Información sobre pedidos
| Nombre del producto | Número de catálogo | UNIDAD | Precio | CANTIDAD | Favoritos | |
Plásmido CRISPR de Activación (h) MYH7B | sc-400621-ACT | 20 µg | $397.00 | |||
Plásmido CRISPR de Activación (h2) MYH7B | sc-400621-ACT-2 | 20 µg | $397.00 |
MYH7B codifica un miembro de la familia de cadenas pesadas de miosina sarcomérica, con funciones en la actividad motora basada en actina y en la organización de la maquinaria contráctil en linajes de músculo estriado. Como parte de la generación de fuerza dependiente de miosina, MYH7B está vinculado funcionalmente a la dinámica del citoesqueleto, a la transducción mecanocímica dependiente de ATP y a vías que mantienen la integridad de las miofibrillas y la diferenciación de las células musculares. La desregulación de los programas génicos de cadenas pesadas de miosina se estudia con frecuencia en el contexto de la remodelación de cardiomiocitos y del músculo esquelético, donde la expresión alterada de genes contráctiles contribuye a fenotipos patológicos. Por ello, MYH7B constituye una diana útil para investigar el control transcripcional de componentes del sarcómero, redes génicas específicas del músculo y procesos de remodelación sensibles al estrés en modelos celulares humanos.

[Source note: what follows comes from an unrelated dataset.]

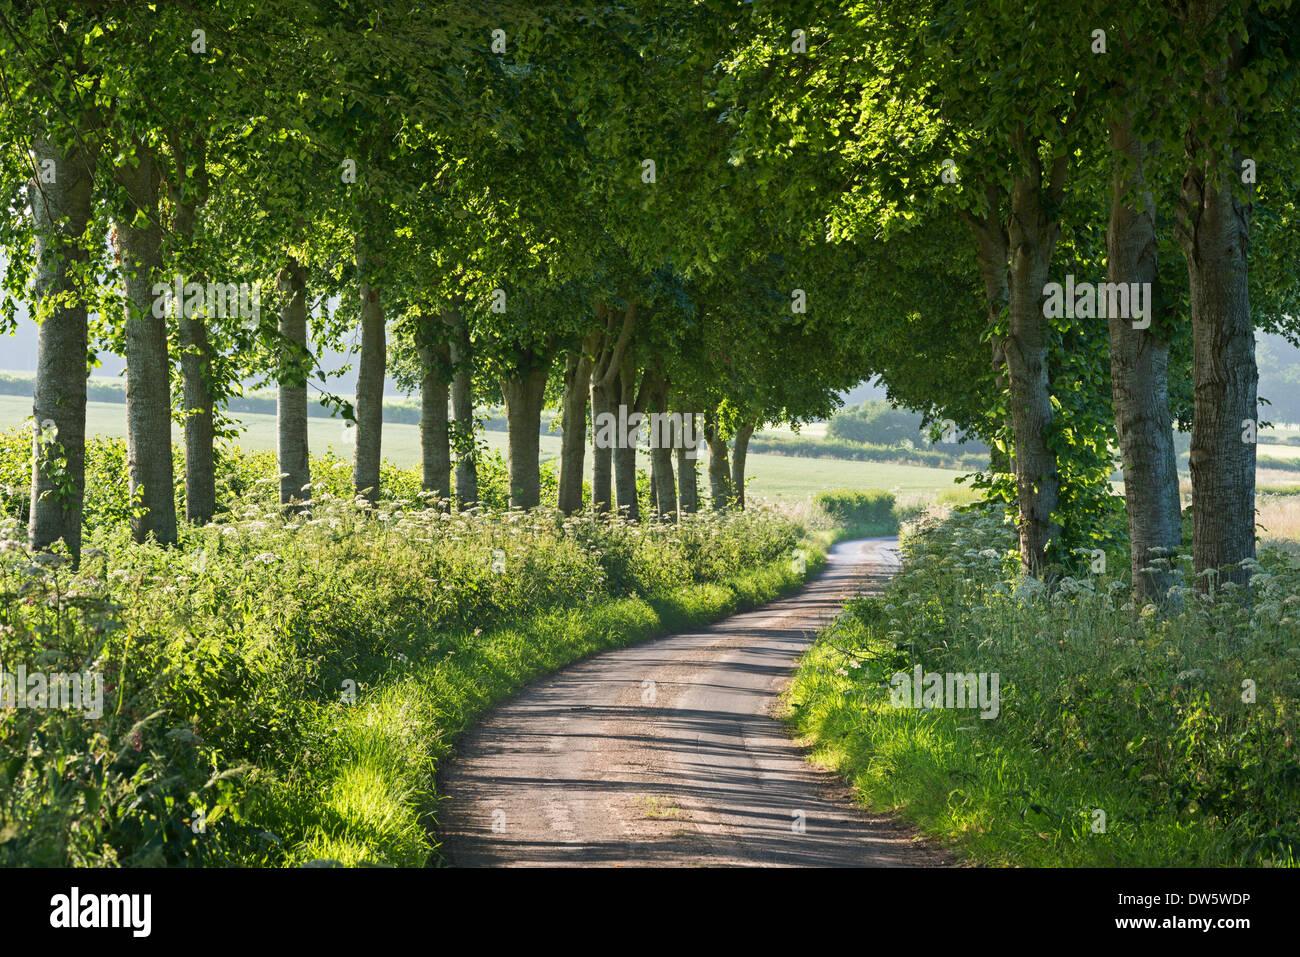 Wicklung Baum gesäumten Feldweg, Dorset, England. (Juli) im Sommer 2013. Stockbild

MYH7B El plásmido de activación CRISPR (h) proporciona un enfoque específico y no destructivo para regular al alza la expresión endógena de MYH7B sin alterar la secuencia de ADN subyacente.
MYH7B El plásmido de activación CRISPR (h) es un sistema mediador de activación sinérgica (SAM) de tres plásmidos diseñado para la regulación al alza transcripcional altamente eficiente y específica del locus MYH7B en líneas celulares humanas. El sistema se basa en una Cas9 catalíticamente inactiva (dCas9) que porta dos mutaciones inactivadoras (D10A y N863A) que eliminan la actividad nucleasa al tiempo que conservan la unión al ADN. Esta dCas9 se fusiona con VP64, un potente activador transcripcional, y se coexpresa con un gen de resistencia a la blasticidina para la selección. El segundo plásmido codifica la proteína de fusión MS2-p65-HSF1, un complejo activador secundario que actúa en conjunto con dCas9-VP64, junto con un gen de resistencia a la higromicina. El tercer plásmido codifica un ARN guía (sgRNA) específico del objetivo de 20 nt fusionado a dos aptámeros de ARN MS2 que reclutan el complejo MS2-p65-HSF1 al sitio de activación, acompañado de un gen de resistencia a la puromicina. Los tres plásmidos se administran en una proporción de masa de 1:1:1 para una expresión equilibrada de todos los componentes del sistema.
Una vez ensamblado en el locus diana, el complejo SAM se une aproximadamente 200 pb aguas arriba del sitio de inicio transcripcional MYH7B, donde VP64, p65 y HSF1 actúan de forma coordinada para reclutar la maquinaria transcripcional e impulsar la regulación al alza de la expresión endógena de MYH7B. A diferencia de la Cas9 con actividad nucleasa, dCas9 no introduce roturas de doble cadena ni modifica la secuencia genómica, preservando el locus nativo MYH7B y permitiendo el estudio de las respuestas transcripcionales dependientes de MYH7B en el locus endógeno, lo que la convierte en una herramienta valiosa para estudios funcionales, la identificación de genes diana y la modelización de la restauración de la vía MYH7B en células tumorales con expresión de MYH7B silenciada o reducida.
Sólo para uso en investigación. No destinado a uso diagnóstico o terapéutico.